Steve Sabella : Extraits du Paradoxe du parachute

15 juin, 2022 -
Steve Sabella, "In Exile 1", édition collector, 136 : 125 cm, impression Lambda montée sur aluminium + bord en aluminium de 5 cm, 2008 (avec l'aimable autorisation de Steve Sabella).

 

Pour Steve Sabella, l'occupation attache chaque Palestinien à un Israélien, comme dans un saut en tandem. L'Israélien a toujours le contrôle, ce qui place le Palestinien sous la menace d'une prise d'otage sans fin. Sabella a deux options : soit se rendre, soit faire un saut dans le vide. Les mémoires de Sabella, The Parachute Paradox, racontent la vie de cet artiste né dans la vieille ville de Jérusalem et élevé sous l'occupation israélienne. Après avoir vécu les deux Intifadas, avoir été kidnappé à Gaza et avoir appris à naviguer entre différentes cultures, il se sent en exil chez lui. Mêlant réalité et fiction, amour et perte, ces mémoires retracent la quête ardue d'un homme pour se libérer de l'intérieur, à travers une confrontation avec l'imagination colonisée. Les histoires présentées ici, tirées de The Parachute Paradox, ont été sélectionnées par l'éditeur.

 

Steve Sabella

 

En rentrant chez moi, j'ai fait une course contre la montre pour faire mes bagages et me rendre à l'aéroport Ben Gourion de Tel Aviv. J'étais épuisée, et je redoutais les trois heures habituelles de questions et d'interrogatoires par la sécurité israélienne de l'aéroport.

Shalom, meh eyfo ata ?
Bonjour, d'où venez-vous ?

Le paradoxe du parachute: sur l'amour, la libération et l'imagination. Un mémoire de Palestine.

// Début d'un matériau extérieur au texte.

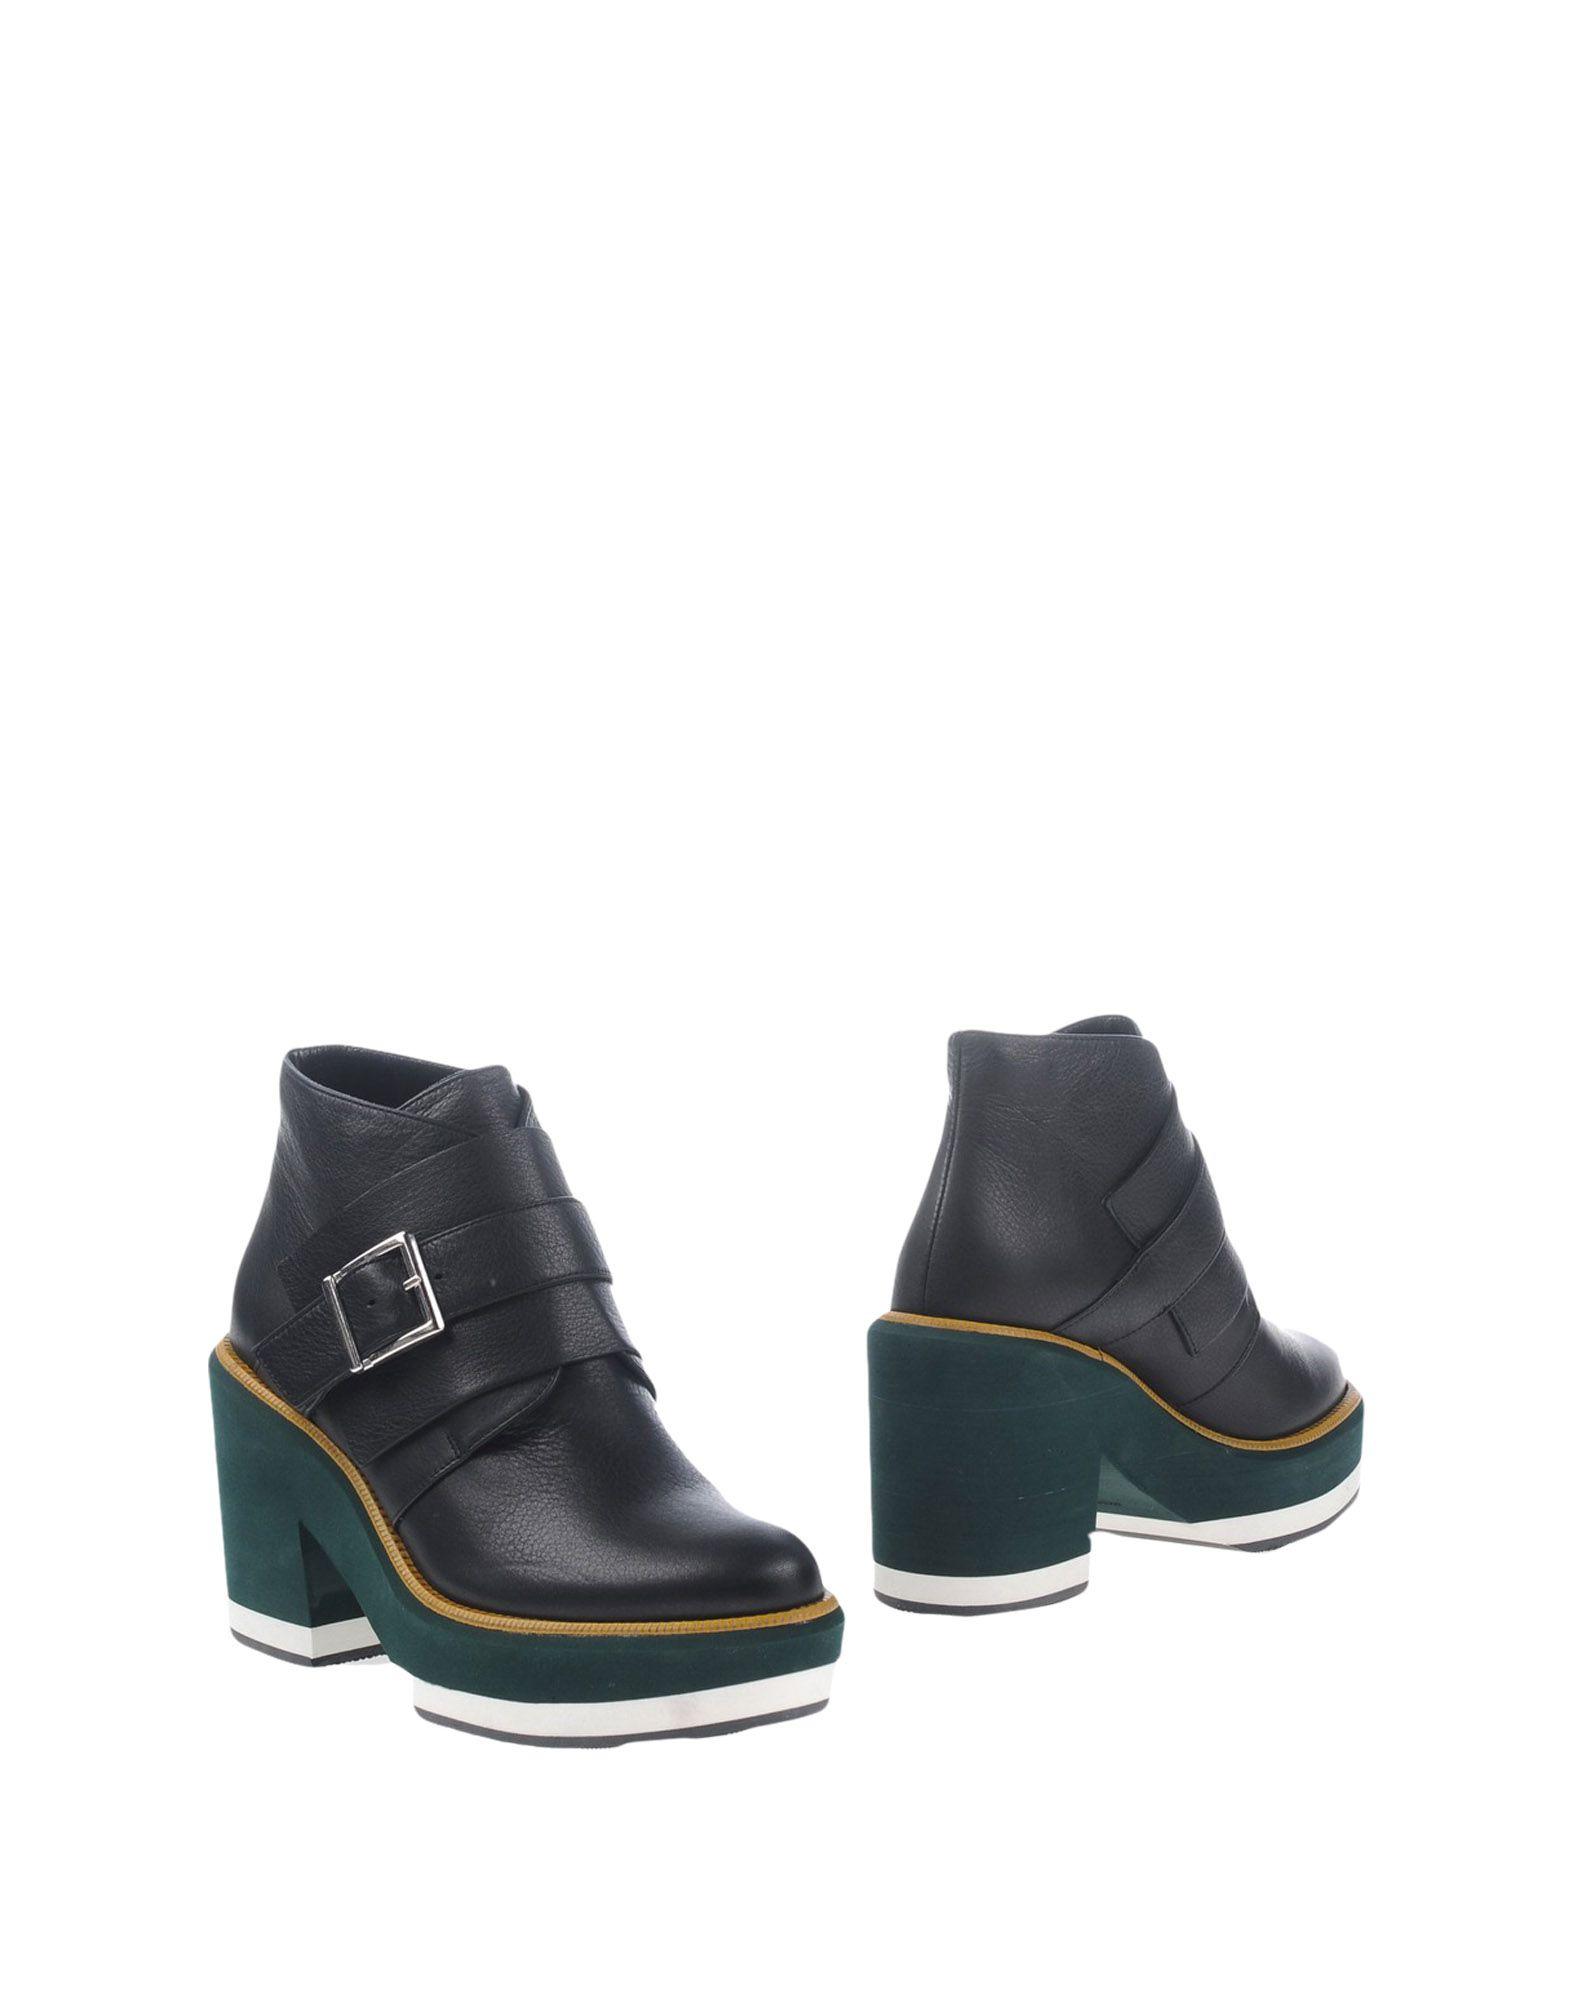 Stilvolle billige Schuhe Damen Paloma Barceló Stiefelette Damen Schuhe  11224192EG 0fe3f0

Avec un accent hébreu, en me gargarisant du R à Yerushalayim, j'ai dit :

Ani meh Yerushalayim.
Je viens de Jérusalem.

Elle a poursuivi,
D'où venez-vous exactement ?

Si je répondais par "Jérusalem-Est", on supposerait que je suis arabe. Et si je répondais par "Jérusalem Ouest", on me soupçonnerait d'être juif. J'ai répondu,

Rue Antonia, la vieille ville.

Elle a vérifié mon passeport, mais mon lieu d'origine n'était toujours pas clair pour elle. Elle m'a demandé le nom de mon père,
Emile.

Celui de votre mère ?
Espérance.

Celui de votre grand-père ?
Antone.

Quelle est l'origine du nom Sabella ?
Sicilienne.

Fêtez-vous Hanukkah ?
Pourquoi pas.

Fêtez-vous Noël ?
Bien sûr.

Elle a hésité à me demander si j'étais arabe ou arabe palestinien. Pour accélérer les choses, je lui ai dit que je venais de Jérusalem. L'arabe. Tout ce que je voulais, c'était monter dans l'avion et fermer les yeux.

Quelle est votre profession ?

Artiste.
Je travaille également comme photographe pour l'ONU.

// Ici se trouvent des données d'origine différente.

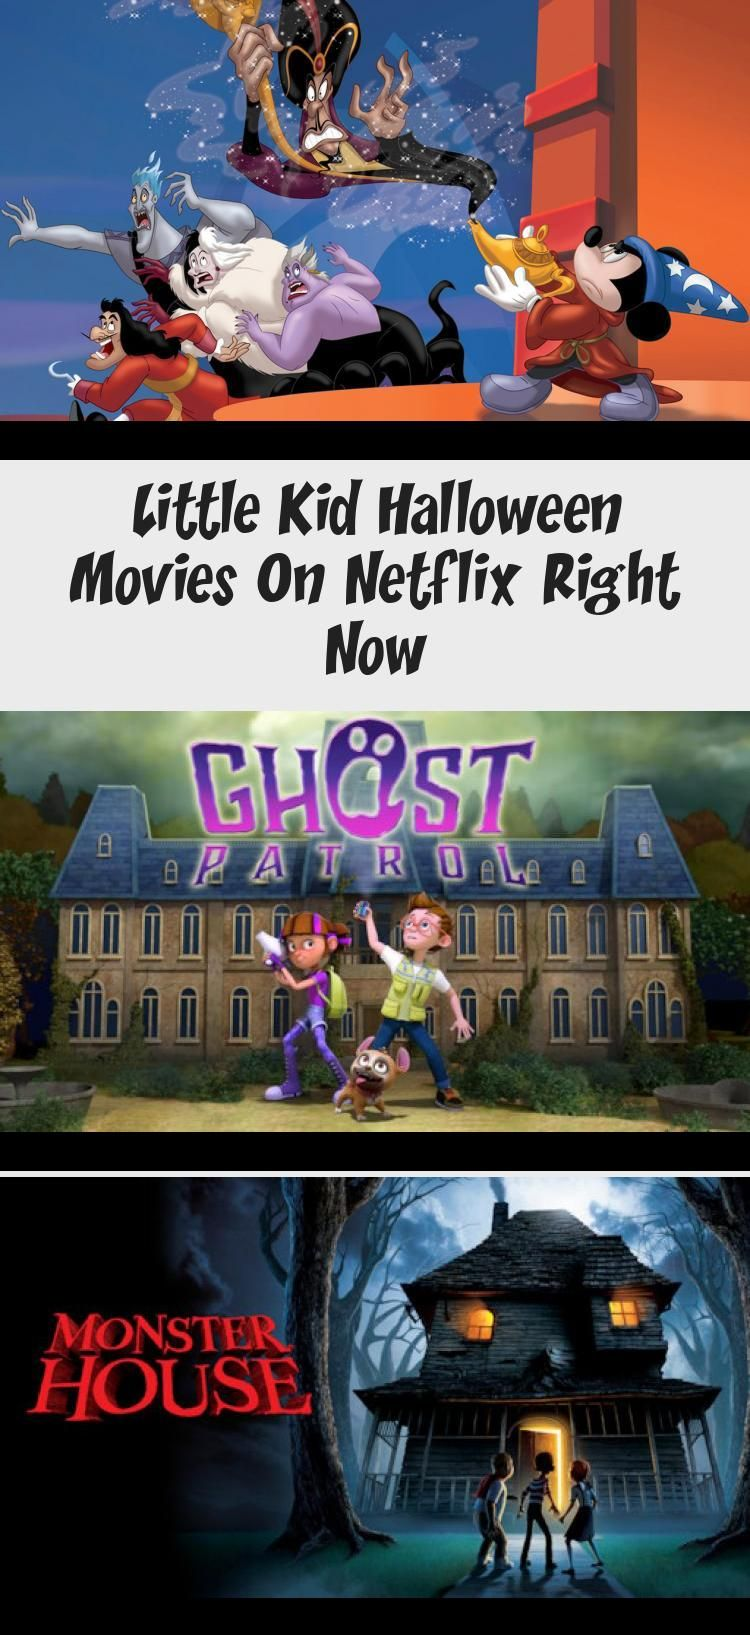 Little Kid Halloween Movies On Netflix Right Now in 2020

Je lui ai montré ma carte de presse.

Où étiez-vous avant votre arrivée à l'aéroport ?

Je ne pouvais pas lui dire que je venais d'être enlevé à Gaza. Elle aurait considéré cela comme une menace pour la sécurité et ne m'aurait certainement pas laissé monter à bord de l'avion.

A Jérusalem.            

Et pourquoi allez-vous en Suisse ?
Pour passer des vacances avec ma femme et ma fille.
Ma femme est suisse.

Pourquoi voyagez-vous seul ?
Pourquoi travaillez-vous pour l'ONU ?
Avez-vous déjà voyagé à Gaza avec l'ONU ?
Pourquoi vivez-vous à Jérusalem ?
Pourquoi ne vivez-vous pas en Suisse ?
Quand votre famille s'est-elle installée à Jérusalem ?
Pourquoi vous appelez-vous Steve ?

Les questions n'en finissaient pas, et le premier agent de sécurité était remplacé par un deuxième, puis par un troisième, jusqu'à ce que le chef de la sécurité soit appelé. J'ai continué à répéter le même récit. Encore et encore. Je devais être cohérent et ne pas faire d'erreur.

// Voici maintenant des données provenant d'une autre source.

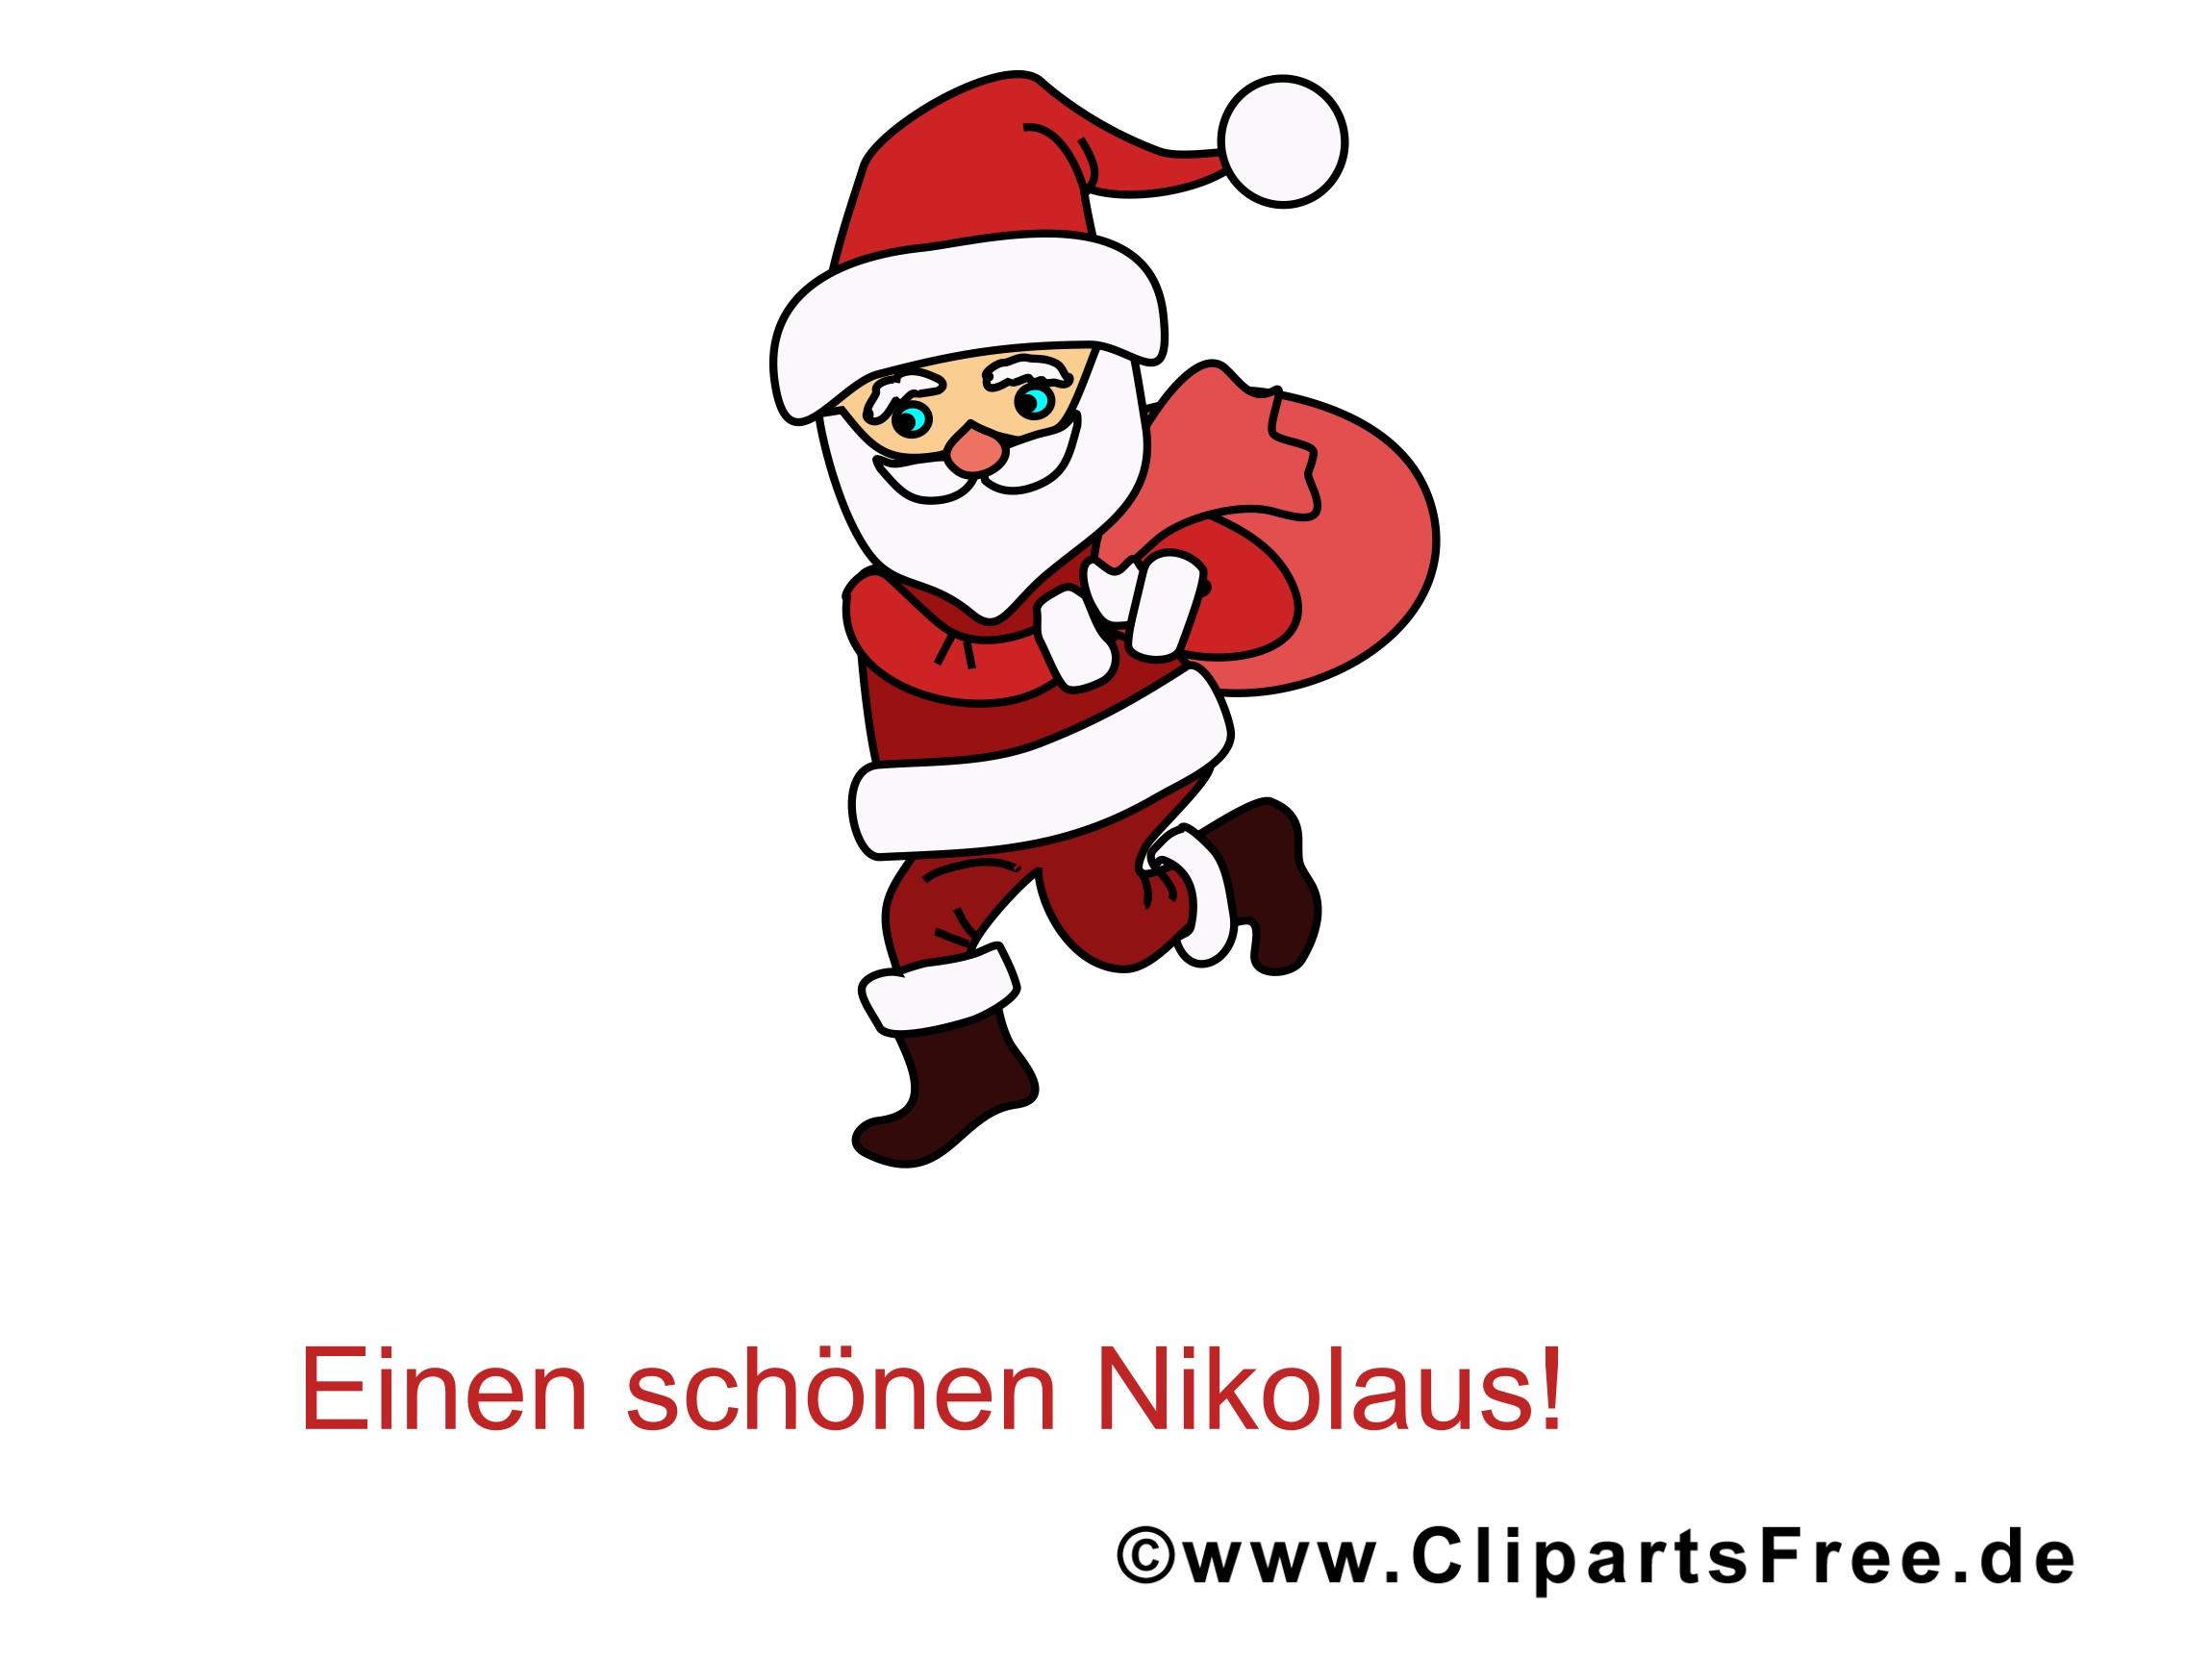 Nikolaus Bilder Gratis über Nikolausbilder Kostenlos » Clipart Portal.

Ecoutez-moi. C'est mon histoire. Peu importe combien de temps vous m'interrogez, elle ne changera pas. Soit vous me laissez rentrer chez moi à Jérusalem, soit vous me laissez prendre le vol pour la Suisse.Finissons-en avec tout ça.

Ils ont cédé, m'ont permis d'embarquer après un contrôle ostensible des sacs et une fouille corporelle complète, m'ont escorté jusqu'à l'avion comme un VIP, et m'ont finalement laissé. J'ai trouvé mon siège, me suis assis et me suis penché en arrière pour fermer les yeux pour la première fois en deux jours. Mais chaque fois que j'entendais le clic d'une ceinture de sécurité, je me réveillais en sursaut - on aurait dit le bruit de l'armement des kidnappeurs.

J'ai ouvert mes yeux agités et j'ai aperçu un homme qui me regardait. Il était noir et j'ai imaginé un instant qu'il s'agissait de l'homme que les kidnappeurs avaient libéré le matin même. Lorsqu'il a remarqué que je l'avais repéré, il a détaché sa ceinture de sécurité, s'est approché et s'est assis sur le siège côté couloir à côté de moi. Il a ouvert un journal et a montré une photo,

C'est vous ?

Elle montrait une femme et moi avec des armes et des masques autour de nous. Le titre en gras était : "Des travailleurs de l'ONU libérés à Gaza". Je suis tombé sur mon siège et j'ai dit :

Parfois, la réponse est juste là, devant vous !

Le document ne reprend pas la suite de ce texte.